Tylko że transpłciowe kobiety tak nie wyglądają, dlatego nie rozumiem tego skojarzenia. Jest okropne i, no cóż, transfobiczne.

Nie zauważyłem by np. Ronda Rousey czy Gina Carano były określane "transówami"?

Cytat:Teraz pytanie brzmi: dlaczego ktoś uznał, że ta bohaterka powinna tak wyglądać? A w dzisiejszych czasach odpowiedź nasuwa się sama
Skoro nasuwa się sama to dlaczego nie za bardzo zgadza się z tą rzekomo agresywną tęczową ideologią i propagandą? Dlaczego Abby nie jest po prostu facetem zamiast androgeniczną dziewczyną z normalnym, kobiecym głosem i otwarcie nie zrobili sceny seksu między dwoma facetami? Smile
Może będzie w trójce Tongue
Cytat:Tylko że transpłciowe kobiety tak nie wyglądają, dlatego nie rozumiem tego skojarzenia. Jest okropne i, no cóż, transfobiczne.
Jak dla mnie wygląda jak chłop, który chciał zostać kobietą, żeby startować w zawodach z kobietami. I to skojarzenie jest powszechne z tego co widzę.
Cytat:Nie zauważyłem by np. Ronda Rousey czy Gina Carano były określane "transówami"?
Bo widocznie wyglądają pod jakimś względem bardziej kobieco. Też nie mam takich skojarzeń na ich widok.
(25-06-2020, 12:03)Mierzwiak napisał(a): [ -> ]Ronda Rousey
Ha! Moja pierwsza myśl jak zobaczyłem posturę Abby Big Grin
No dobra, skończyłem.

Najlepiej podsumowuje TLOU2 powiedzonko "jak spadać to z wysokiego konia". To bardzo ambitny w zamierzeniu sequel, którego fabuła z wielu względów nie wybrzmiewa tak jak wybrzmieć powinna. Główny powód to chybiona moim zdaniem konstrukcja fabuły (a dokładniej kolejność zdarzeń) i to, że historia Abby (którą autentycznie polubiłem w trakcie gry) zdaje się być zupełnie osobną grą, o czymś zupełnie innym, która jak gdyby nigdy nic się nie stało wychodzi od śmierci Joela w pierwszym akcie, skupia się na czymś zupełnie innym i dopiero pod koniec wyskakuje z tym, że oho, musimy złapać Ellie.

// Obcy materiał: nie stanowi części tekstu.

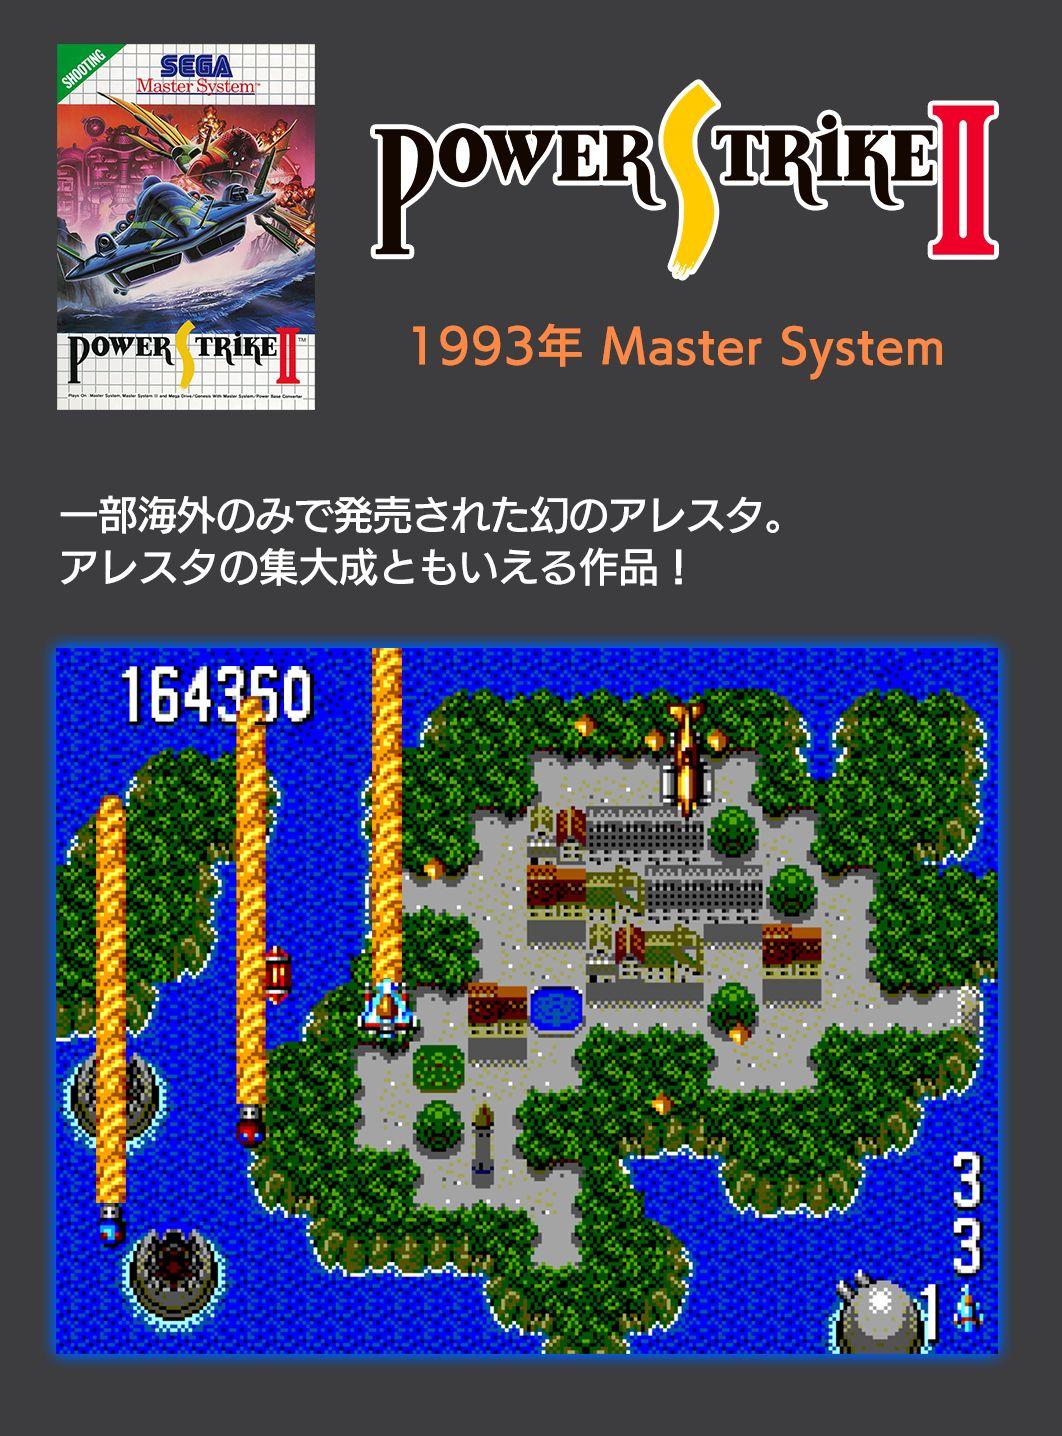 マスターシステム版「POWER STRIKE II」は一部海外のみで発売された幻のアレスタで、アレスタの集大成ともいえる作品

To był moment w którym nie chciałem już grać, było to wyczerpujące i męczące. Obie strony zadały sobie tyle bólu i jakkolwiek zależnie od obranej perspektywy ich racje są słuszne (szkoda ze gra w ogóle nie eksploruje tej kwestii, to coś co ostatecznie wyszło jakby przypadkiem?), ja nie chciałem już w tym uczestniczyć. I kiedy wydawać by się mogło, że gra już za chwilę się skończy, okazuje się że nie, to nie koniec. I znowu byłem zmuszony robić coś, czego nie chciałem, mało tego, to drugie zakończenie jest jeszcze bardziej męczące, jeszcze bardziej przygnębiające, a jednocześnie w ogóle nie przynosi oczyszczenia. I to jest chyba największy problem, bo przez to że najpierw Abby nie zabiła Ellie (czego nie chciałem robić ani oglądać), a potem Ellie nie zabiła Abby (czego też nie chciałem, ta finałowa walka to najgorszy moment gry) zostajemy z jakimś takim, bo ja wiem, brakiem zdecydowania ze strony twórców, a co za tym idzie nie do końca jasną odpowiedzią na pytanie "O czym jest ta historia?"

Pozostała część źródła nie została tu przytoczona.